Пётр Андреевич той же саблей снёс на сосудах горлышки и облил водкой сугроб над телами.

– Теперь хищники зачихают и рыться здесь до весны не станут. Только, даст Бог, их раньше зверей люди поднимут. Вот приедем завтра в село Благовещенье, – тут Пётр Андреевич перекрестился, – там и сообщим о покойных.

– Я сообщу, – торопливо сказал поручик.

– Конечно, конечно, – заторопился отвечать преступник. – Ты, ваше благородие, и сообщишь. Я-то опять замкну свои уста молчанием. Как положено преступнику.

Лошади опустошили торбы, стали оглядываться, звенеть сбруей.
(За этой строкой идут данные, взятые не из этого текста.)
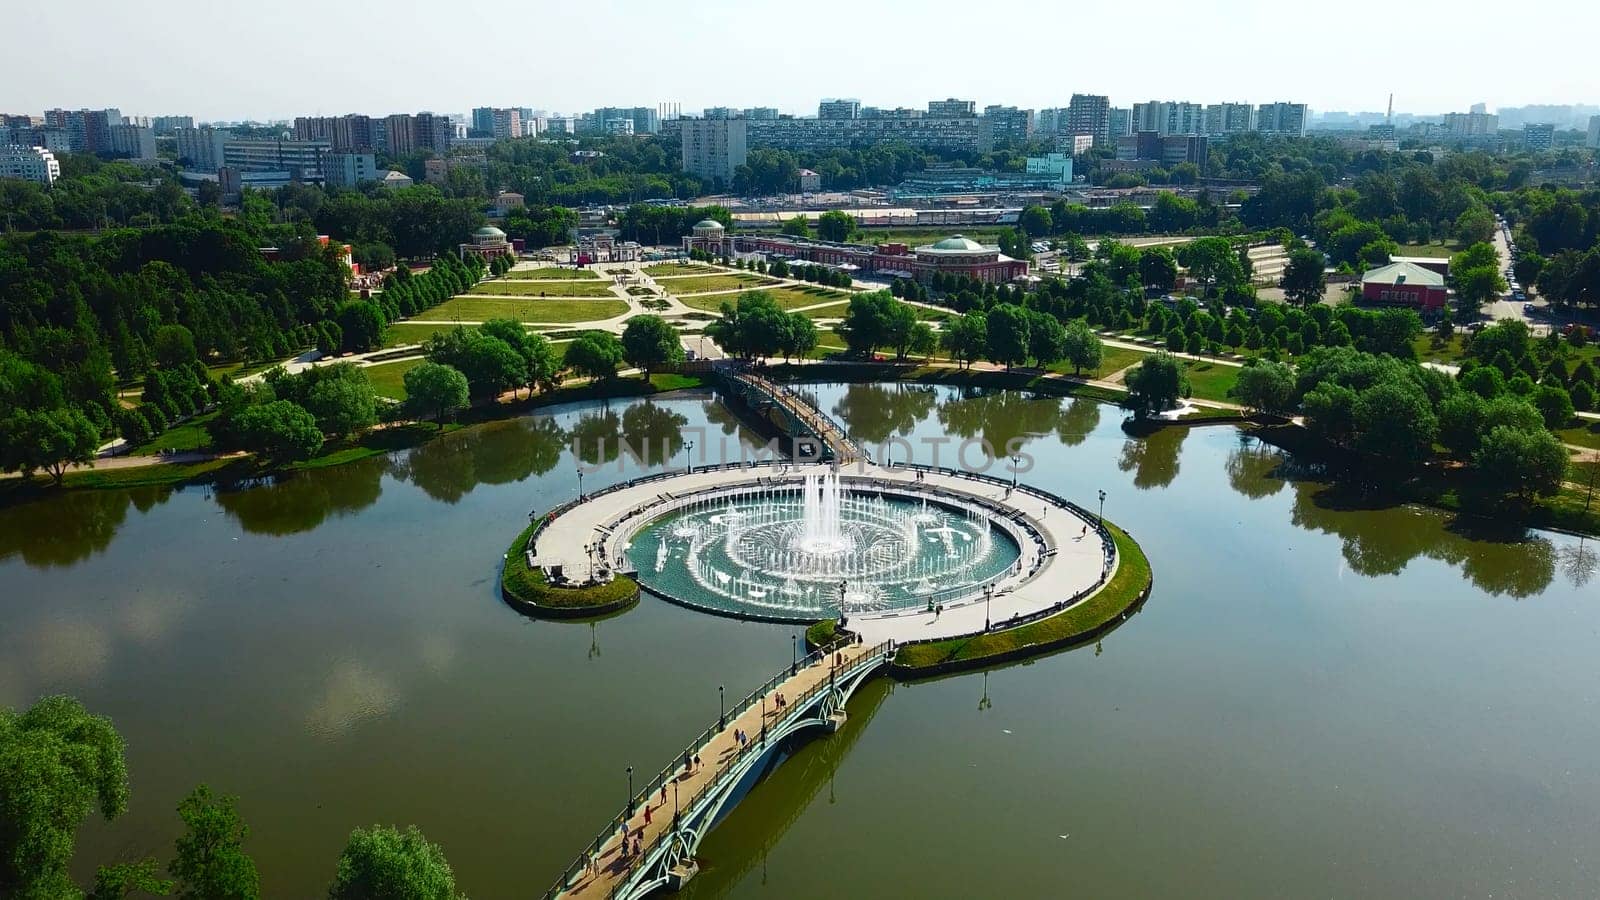 Top view of fountain in pond and historical palace. Creative. Amazing fountain in lake with pedestrian bridges at historical palace. Historical complex with fountains, gardens and buildings.

– И нам пожевать надобно, – Пётр Андреевич оглядел серое небо без солнца. – Поди, время сейчас подошло к обеду. Надобно поесть, крепко запрячься и торопиться… Хотя торопиться не выйдет. Дорогу отчаянно перемело, пойдём не ходко. До села Благовещенья, полагаю, будет ещё вёрст двадцать. И всё по снегу. Ночевать придётся на тракте… Слава Богу, станем ночевать у костра, не в бироновском возке… Я хоть ноги вытяну… Или как ты, поручик, полагаешь меня далее везти? Опять безвылазно в подлом возке?

– До села нормально, а потом, не обессудь, Пётр Андреевич, но повезу, как положено. Иначе…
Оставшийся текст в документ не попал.